_Information shown_
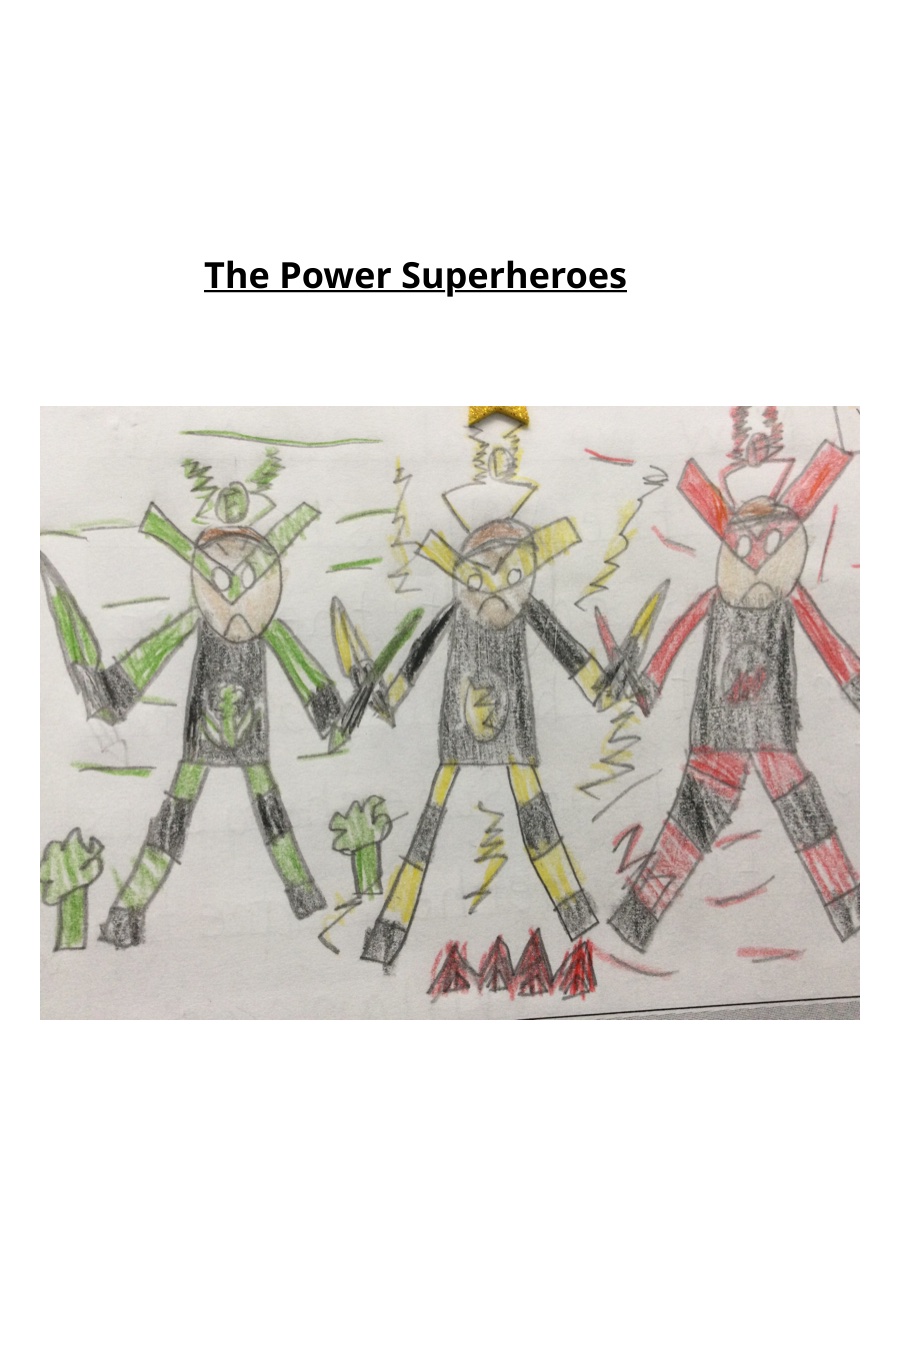 The Power Superheroes by Maddon L
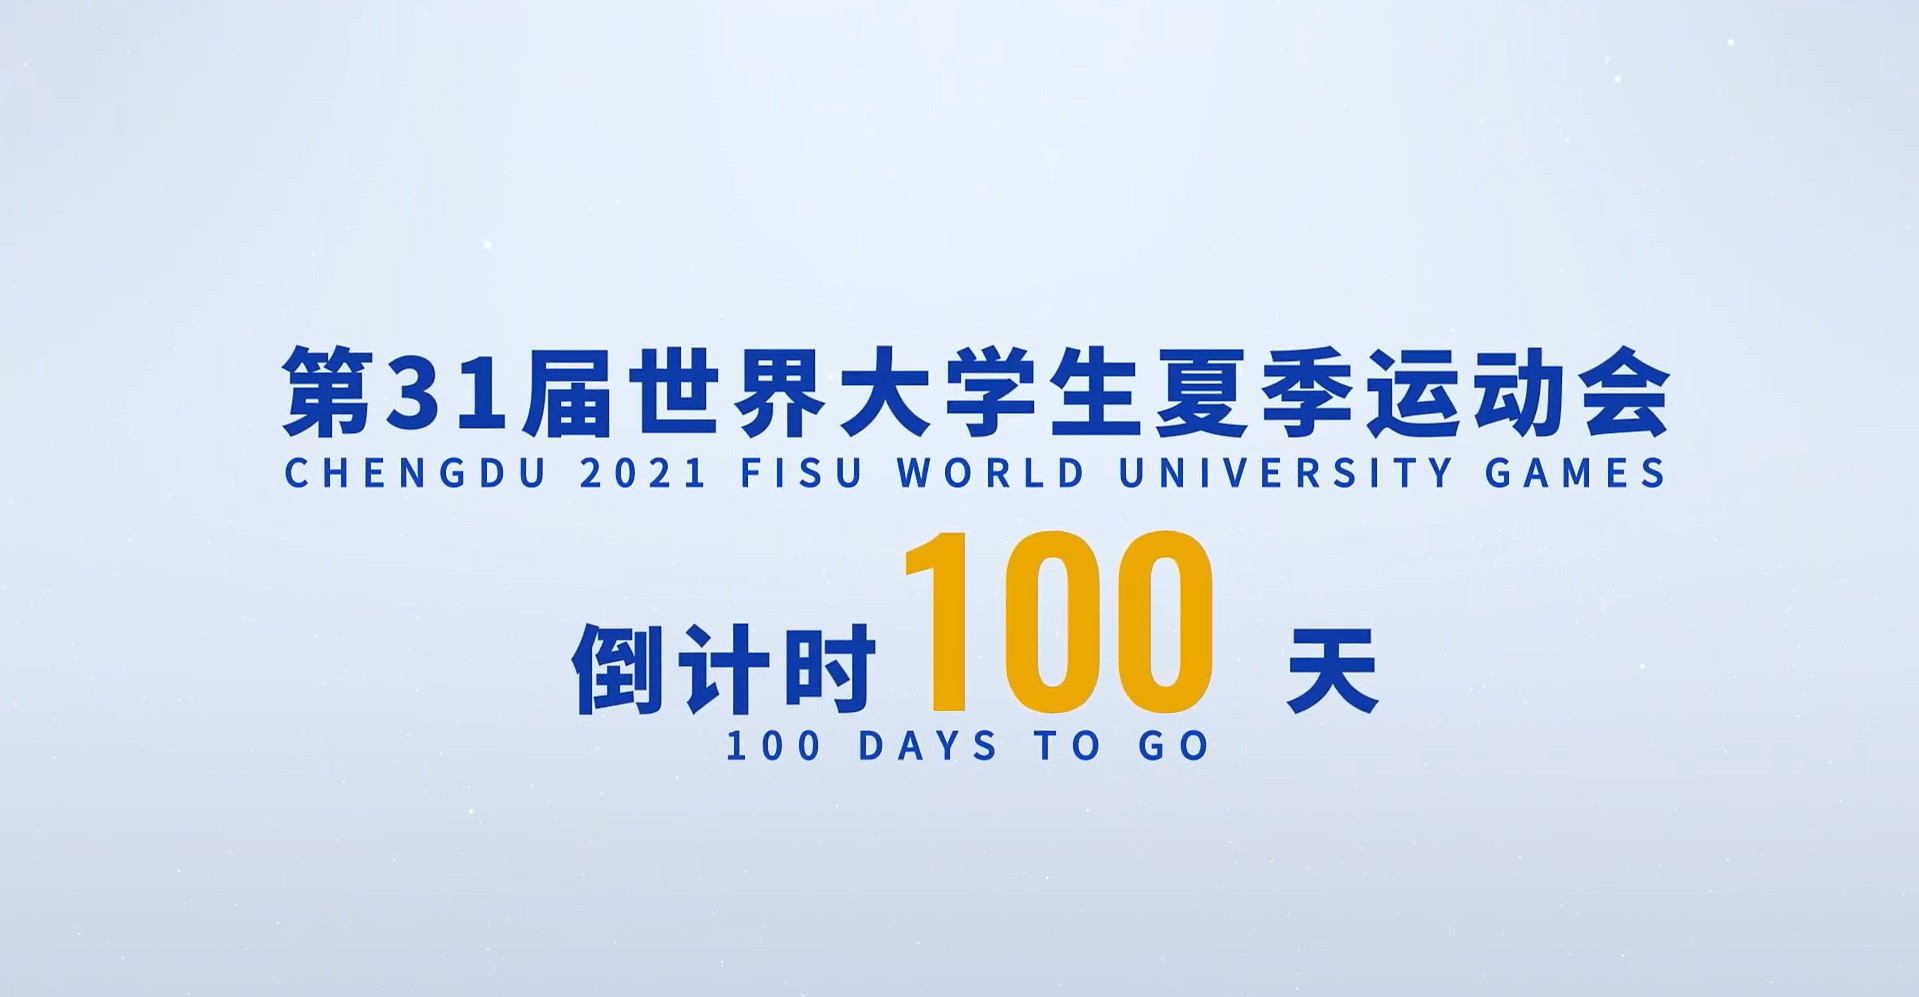 FISU President stresses Chengdu’s readiness for Summer World University Games with 100 days to go
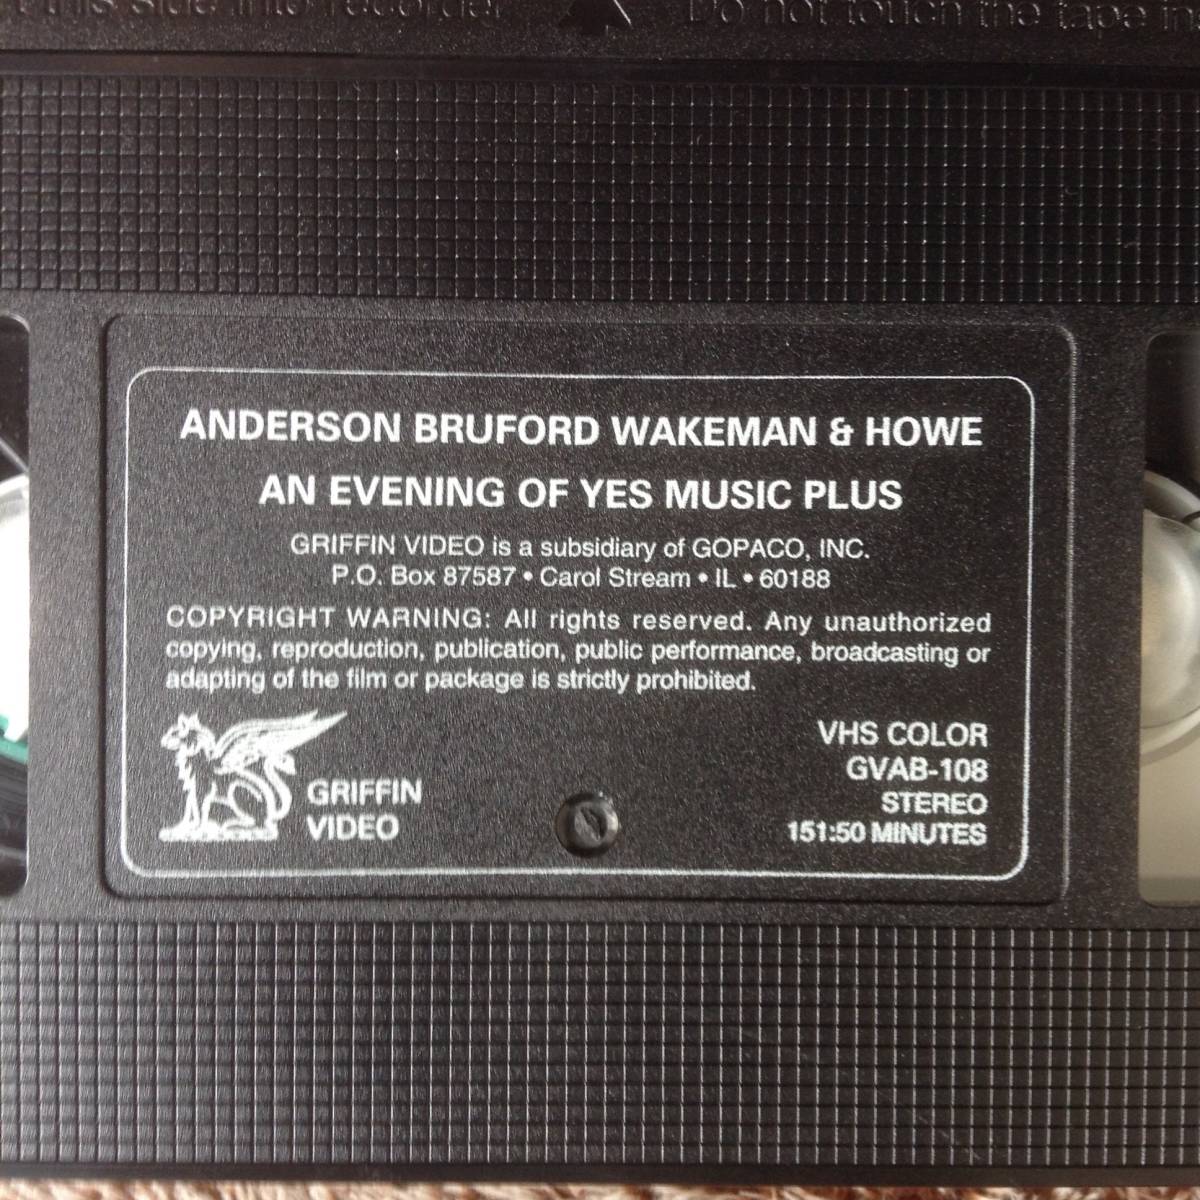 VHS VIDEO ANDERSON BRUFORD WAKEMAN & HOW AN EVENING OF YES MUSIC PLUS

_Work task_
Since the pictures are not wanted, give the material again exactly without them.

_Completed task_
 The Power Superheroes by Maddon L
 FISU President stresses Chengdu’s readiness for Summer World University Games with 100 days to go
 VHS VIDEO ANDERSON BRUFORD WAKEMAN & HOW AN EVENING OF YES MUSIC PLUS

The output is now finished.